The North Atlantic Treaty Organization is an intergovernmental military alliance founded after World War II between 32 member states – 30 in Europe plus the US and Canada. NATO said all 32 members are projected to finally meet a longstanding goal of spending 2% of their overall economic output on defence this year, while only three will meet a new goal set at 3.5% of GDP, agreed in June. The three countries were Poland, whose spending this year is projected to reach 4.5% of GDP, while Lithuania’s will be 4% and Latvia’s 3.7%.

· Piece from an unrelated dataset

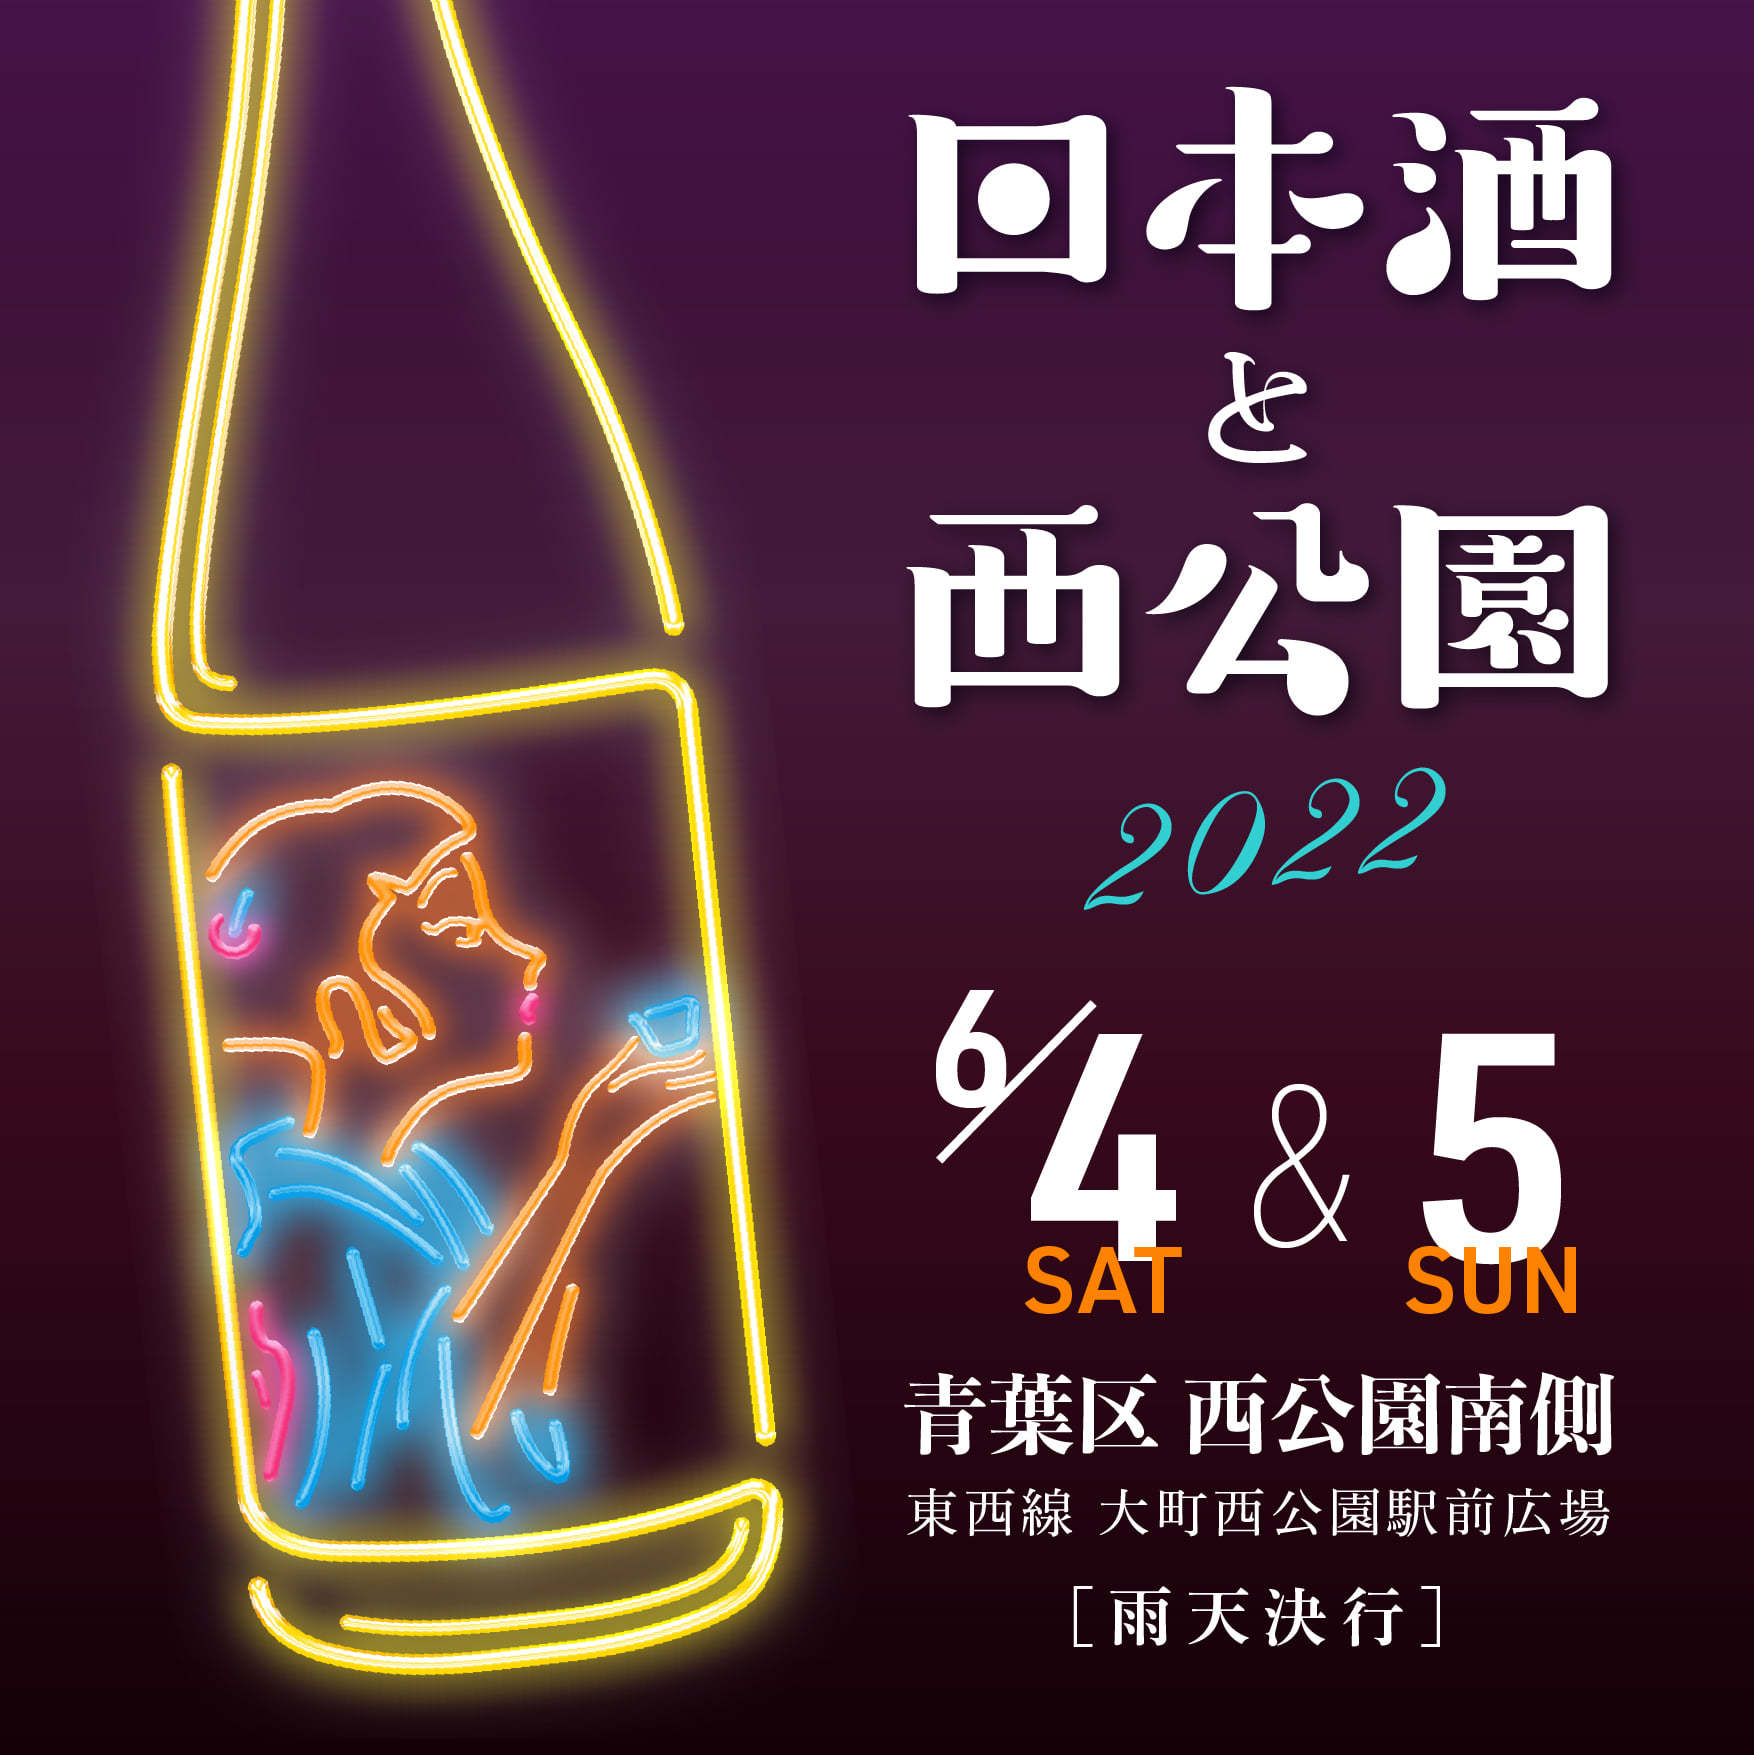 阪神甲子園球場 外周フードイベント第2弾
～ 2019年の熱気、再び！「甲子園 肉祭」 ～

Earlier this year 96 UK members of parliament wrote an open letter arguing that banks, investors and pension funds should treat weapons manufacturers as “ethical” investments so that more money goes to the industry to arm Ukraine and the UK. They called for financial businesses to “sweep away ill-considered anti-defence rules which are acting as a barrier to doing what is right”, in another sign of the backlash against ESG policies. Further, fund managers globally are starting to reconsider policies that stopped them from investing in defence companies for ethical reasons amid fears of missing out, as share prices in European weapons companies rise as investors react to significantly higher spending.
The debate is not merely technical. It raises profound ethical and financial questions. Supporters of including defence in ESG argue that without security there can be no sustainability. Jens Stoltenberg, NATO’s former Secretary-General (2014-2024), has repeatedly said that “defence is the foundation of freedom,” echoing a belief that peace depends on deterrence. Proponents also argue that excluding defence from ESG frameworks risks starving Europe’s security sector of investment, just when the geopolitical environment demands resilience.
Yet critics warn of greenwashing, or in this case, “peace-washing.” NGOs and human rights groups argue that equating arms production with sustainable development undermines the credibility of ESG standards. For example, the UN Principles for Responsible Investment note that investors must weigh human rights considerations, and the deployment of weapons in conflicts often results in civilian harm. And they argue that the focus on military spending, which comes on top of big increases by European countries over the past few years, overlooks the risks to security posed by environmental breakdown and social decay, and also the opportunity cost that higher military spending would pose to the continent’s climate mitigation and social programmes.
The 2025 Global Peace Index reports that global military expenditure reached an estimated $2.7 trillion in 2024, the fastest multi-year increase in recent history. At the same time, the world is living through the highest number of violent conflicts since World War Two, and the GPI again reported a decline in global peacefulness, with 59 state-based conflicts, and escalating humanitarian and economic costs.
The United Nations estimates that roughly 2 billion people – one quarter of humanity – live in places affected by conflict.